Без Йена.

1K 34 0
                                    

Это их объятие перед тем, как Йен на семьдесят два часа уйдет за белую решетку, закрывающую вход в психиатрическое отделение, напоминает Микки последнее желание перед казнью. Он тянет время, не желая выпускать Йена из кольца своих рук, мечтая не отдавать его никогда и никому. Он готов сам лучше вернуться в тюрьму для малолетних, сутками пялиться в зарешеченное окно, и при случае, пялить тех, кто не умеет как следует давать сдачи, но не оставлять Йена в этой гребаной дурке. Последний взгляд Рыжика, пустой и направленный будто вовнутрь, который тот бросает на Микки через плетение тонких прутьев решетки, прожигает у него где-то глубоко внутри дыру. Сначала она напоминает черную точку на листе бумаги, под которым держат огонек зажигалки. Бумага обугливается там, где пламя выше всего, потом появляется отверстие, а вокруг него расползаются в стороны черные, рваные края.

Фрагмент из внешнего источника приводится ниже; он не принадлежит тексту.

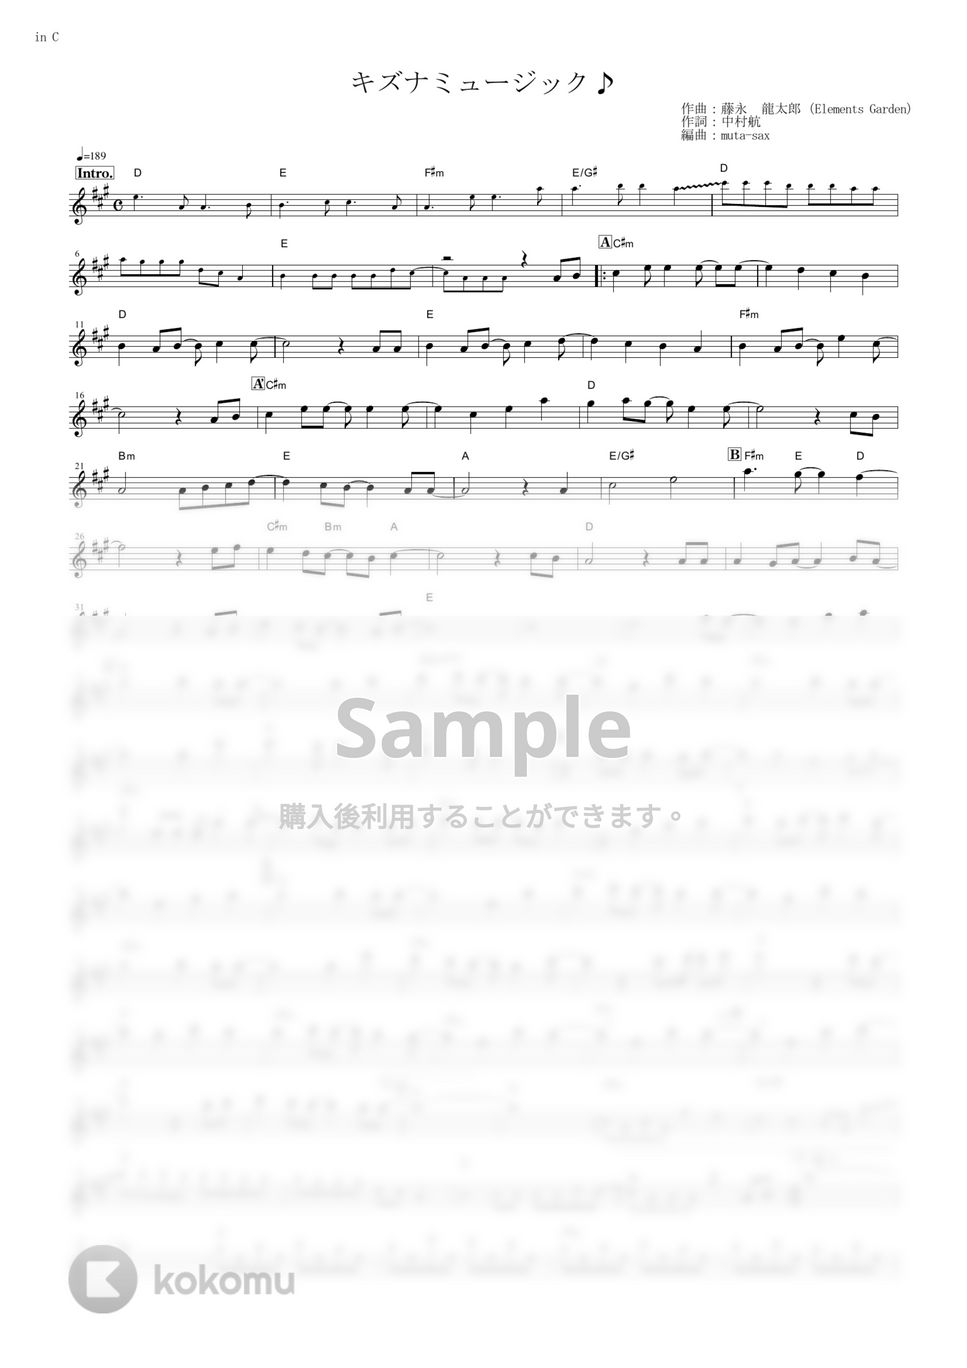 BanG Dream!（バンドリ！）第2期 - キズナミュージック♪【in C】 by muta-sax

Запершись дома, Микки ищет, чем заполнить неожиданно образовавшуюся внутри него пустоту. Он вовсе не готов отпустить Йена, никакой Евгений, ни, тем более Светлана, не смогут заставить его избавиться от вещей, в складках которых можно отыскать темно-рыжие волоски, ткань которых хранит сладкий аромат Йена.

После посещения лечебницы дыра внутри Микки растет, она превращается в черную воронку, которая засасывает в себя все, что его окружает, спрессовывает и перемалывает, обесценивая и лишая смысла. Всем существом Микки завладевает сосущая, жадная тоска по Йену: сумасшедшему, перевозбужденному, на взводе, на взлете, на изломе. Йену, напоминающему крутейшую «марку», ударную дозу кокса, которые превращают серо-сухой мир в океан красок и веселья. Бледный, осунувшийся парень, которого он оставил в клинике, похож на кого угодно, но не на него. И Микки теперь как пустой сосуд, который неожиданно обрек разум и желает быть наполненным.

Светлану он выкинул на улицу вместе с мелким ублюдком, застав ее собирающей вещи Йена в мусорный мешок. Мэнди переехала в другой штат, а братья как-то не в счет. Он совершенно один. Валяясь на кровати, Микки выдувает дюжину банок пива за раз, ощущая, что вот-вот то ли блеванет, то ли лопнет. Однако ненавистная дыра только растет, а в переполненный желудок ничего больше не лезет.

На следующий день он действует умнее, заменяя пиво на виски: объем меньше, а КПД больше. Дома пусто, Микки валяется на полу в обнимку с парадным кителем Йена, уткнувшись в него лицом. От воротника пахнет потом; он с трудом удерживается от того, чтобы не начать жадно вылизывать шершавую ткань. Просто обнимает, прижимает к себе и, уткнувшись в нее лицом, отчаянно дышит.

В доме Милковичей обязательно должны быть другие вещи Йена, ведь он успел вырвать мешок из рук Светланы, когда она уже выносила его к мусорным контейнерам. Да и по комнатам еще много чего разбросано. Микки мечтает найти целую груду, свалить кучей, свить из них гнездо и навсегда улечься в него. Он распахивает двери шкафов, заглядывает под кровати, роется в корзине для белья, пытаясь отыскать как можно больше вещей Йена. Находит пару футболок, нестиранные носки, а под своей кроватью скомканные трусы с сухим, заскорузлым пятном спереди. Оно смутно пахнет спермой, и легкий отголосок знакомого запаха не хуже электрошокера бьет по рецепторам. Микки со стоном сжимает свой почти мгновенно затвердевший член. Он опять чувствует себя пустым: разверзшей свою пасть пропастью под ногами, бездной океана, жерлом потухшего вулкана, в который некому плеснуть лавы.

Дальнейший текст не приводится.